Actually, want to know whether it requires scanning each KV for checking
its timestamp?

Thanks,
-Bing

2014-06-28 21:25 GMT+08:00 Ted Yu <yu...@gmail.com>:

> Have you looked at the following method in AggregationClient ?
>
>   long rowCount(final HTable table,
>
>       final ColumnInterpreter<R, S, P, Q, T> ci, final Scan scan) throws
> Throwable {
>
> You can specify timerange through scan parameter.
>
> See this method of Scan:
>
>   public Scan setTimeRange(long minStamp, long maxStamp)
>
> Cheers
>
>
> On Sat, Jun 28, 2014 at 3:42 AM, yogi <yo...@gmail.com> wrote:
>
> > Hi,
> >
> > I have a requirement where I have to make a shell script using which i
> need
> > to scan some 6 huge hbase tables and get the count of records present in
> > them. Also i need the counts per day wise where i pass the date parameter
> > to
> > the shell script which calls these scan commands. I did find a way to
> > convert the date to epoch time and pass it to scan command but the scan
> > keeps running forever. Can some one help me in making this faster.
> >
> > Note: I am scanning the tables based on TIMERANGE as all the tables have
> > this field.
> >
> > Thanks,
> > Yogi
> >
> >
> >
> > --
> > View this message in context:
> >
> http://apache-hbase.679495.n3.nabble.com/Hbase-scan-using-TIMERANGE-tp4060851.html
> > Sent from the HBase User mailing list archive at Nabble.com.
> >
>

Re: Hbase scan using TIMERANGE

Posted by Bing Jiang <ji...@gmail.com>.
Really thankful for Ted's points.

Yes, the tight time range will cause scan to be very slow to fill the cache.
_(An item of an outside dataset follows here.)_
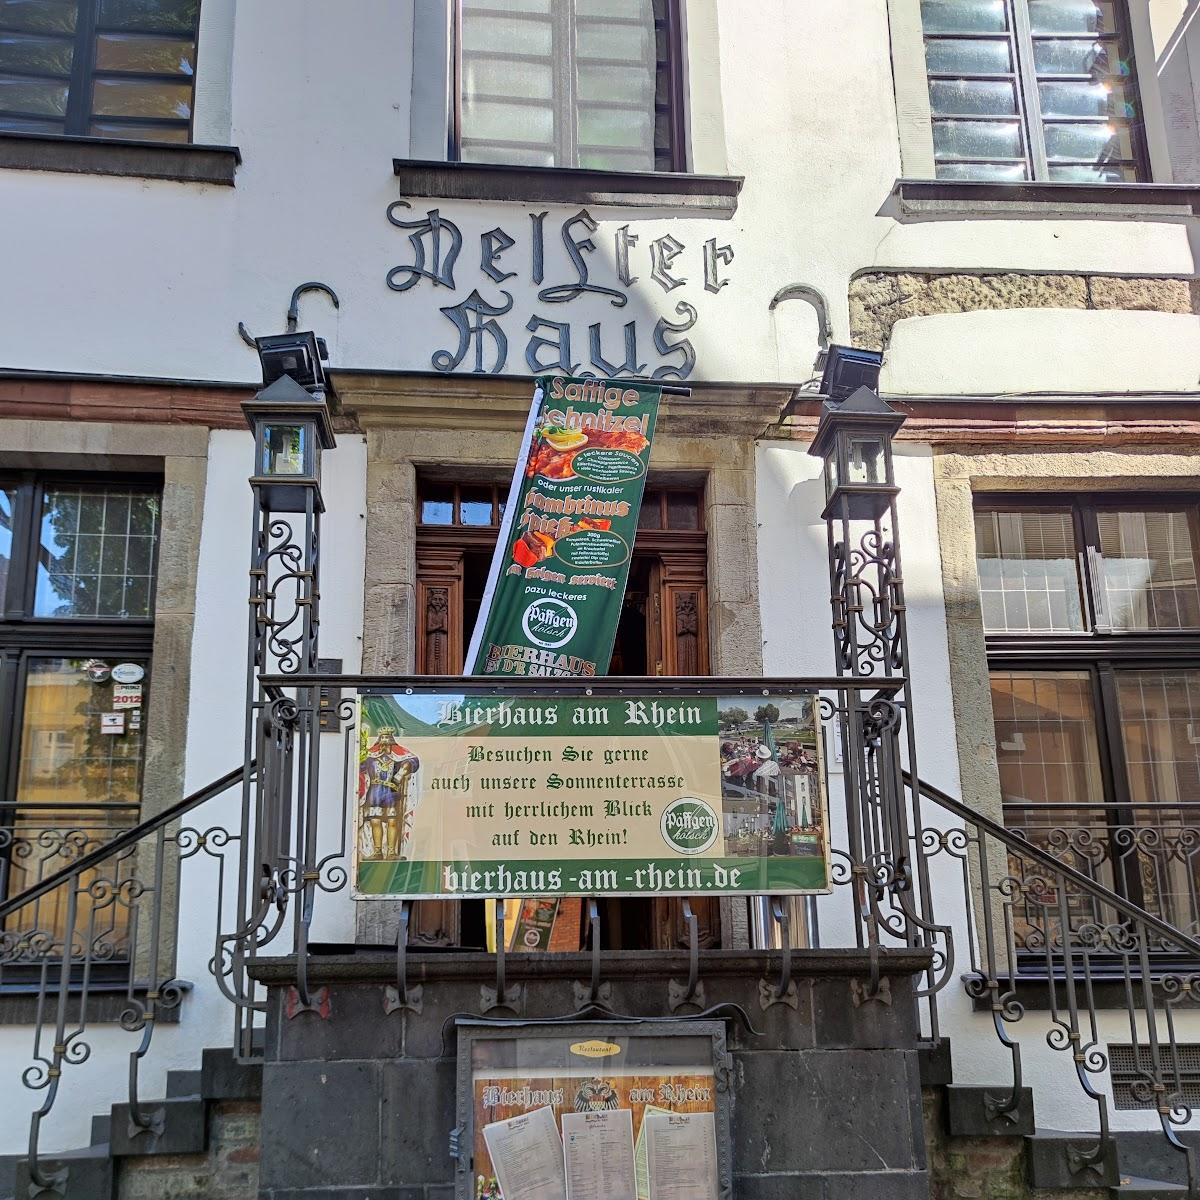 Restaurant "Delfter Haus" in Köln

I will investigate the hbase-5032 further, will report to you if there are
some progresses and improvements.

Thank you!

-Bing

2015-02-05 11:34 GMT+08:00 Ted Yu <yu...@gmail.com>:

> bq. set a sparse TimeRange
>
> You mean a TimeRange whose span is short ?
>
> bq. and large scan cache
>
> Can you try smaller number of rows for caching ?
>
> A preliminary search led me to HBASE-5032 'Add other DELETE type
> information into the delete bloom filter to optimize the time range query'
>
> Cheers
>
> On Wed, Feb 4, 2015 at 7:26 PM, Bing Jiang <ji...@gmail.com>
> wrote:
>
> > hi, Ted.
> >
> > Do you know whether there is optimization on scan with TimeRange?
> >
> > Actually, if set a sparse TimeRange and large scan cache, it will cause
> rpc
> > time out sometimes.
> >
> >
> > Actually, want to know whether it requires scanning each KV for checking
> > its timestamp?
> >
> > Thanks,
> > -Bing
> >
> > 2014-06-28 21:25 GMT+08:00 Ted Yu <yu...@gmail.com>:
> >
> > > Have you looked at the following method in AggregationClient ?
> > >
> > >   long rowCount(final HTable table,
> > >
> > >       final ColumnInterpreter<R, S, P, Q, T> ci, final Scan scan)
> throws
> > > Throwable {
> > >
> > > You can specify timerange through scan parameter.
> > >
> > > See this method of Scan:
> > >
> > >   public Scan setTimeRange(long minStamp, long maxStamp)
> > >
> > > Cheers
> > >
> > >
> > > On Sat, Jun 28, 2014 at 3:42 AM, yogi <yo...@gmail.com> wrote:
> > >
> > > > Hi,
> > > >
> > > > I have a requirement where I have to make a shell script using which
> i
> > > need
> > > > to scan some 6 huge hbase tables and get the count of records present
> > in
> > > > them. Also i need the counts per day wise where i pass the date
> > parameter
> > > > to
> > > > the shell script which calls these scan commands. I did find a way to
> > > > convert the date to epoch time and pass it to scan command but the
> scan
> > > > keeps running forever. Can some one help me in making this faster.
> > > >
> > > > Note: I am scanning the tables based on TIMERANGE as all the tables
> > have
> > > > this field.
> > > >
> > > > Thanks,
> > > > Yogi
> > > >
> > > >
> > > >
> > > > --
> > > > View this message in context:
> > > >
> > >
> >
> http://apache-hbase.679495.n3.nabble.com/Hbase-scan-using-TIMERANGE-tp4060851.html
> > > > Sent from the HBase User mailing list archive at Nabble.com.
> > > >
> > >
> >
>



-- 
Bing Jiang

Re: Hbase scan using TIMERANGE

Posted by Ted Yu <yu...@gmail.com>.
bq. set a sparse TimeRange

You mean a TimeRange whose span is short ?

bq. and large scan cache

Can you try smaller number of rows for caching ?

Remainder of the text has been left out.